▶ What the task requires
Only one span of the listing below is wanted: the lines from the one with "Olive_Garden_Italian_Restaurant.jpg" through the one with "wand b cherregal", reproduced exactly, both ends kept.

Supplied entries Block Start

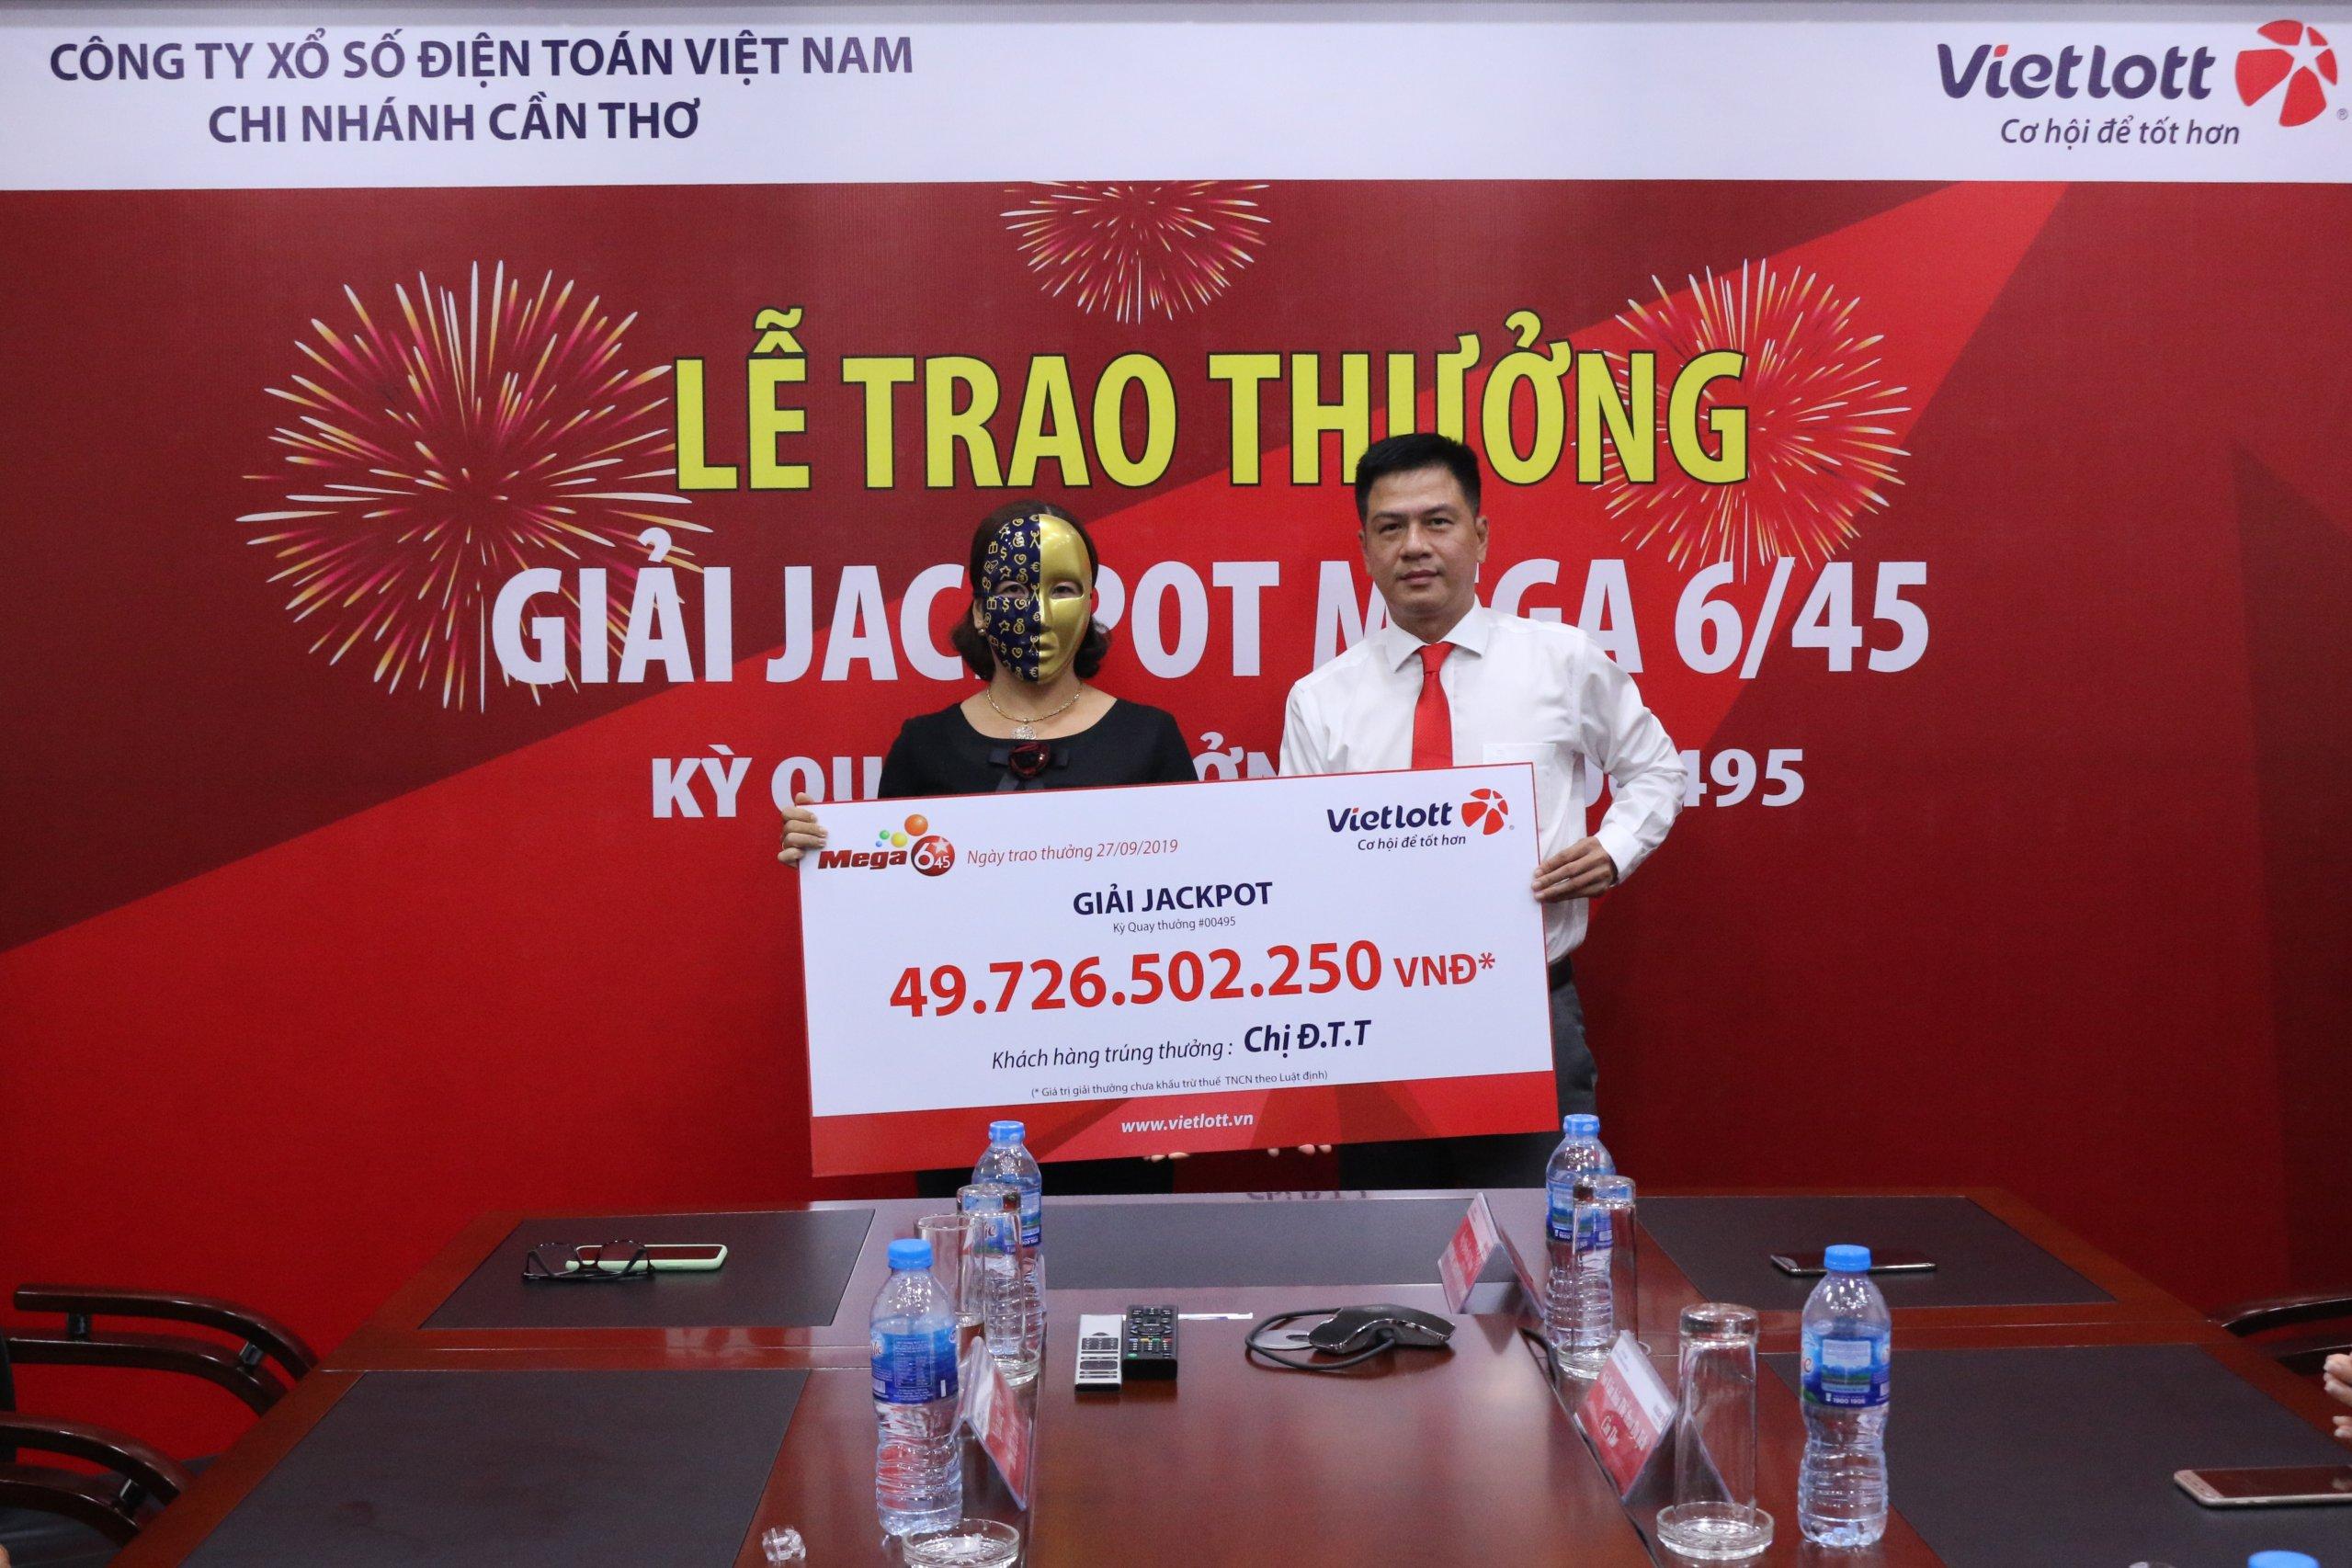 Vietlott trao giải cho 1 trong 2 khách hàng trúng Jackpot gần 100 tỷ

Supplied entries Block End
Supplied entries Block Start

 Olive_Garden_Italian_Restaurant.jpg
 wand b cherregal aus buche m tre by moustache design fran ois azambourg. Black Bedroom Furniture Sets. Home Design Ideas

Supplied entries Block End
Supplied entries Block Start

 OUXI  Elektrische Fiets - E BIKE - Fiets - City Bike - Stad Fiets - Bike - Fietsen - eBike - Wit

Supplied entries Block End

▶ Task response
 Olive_Garden_Italian_Restaurant.jpg
 wand b cherregal aus buche m tre by moustache design fran ois azambourg. Black Bedroom Furniture Sets. Home Design Ideas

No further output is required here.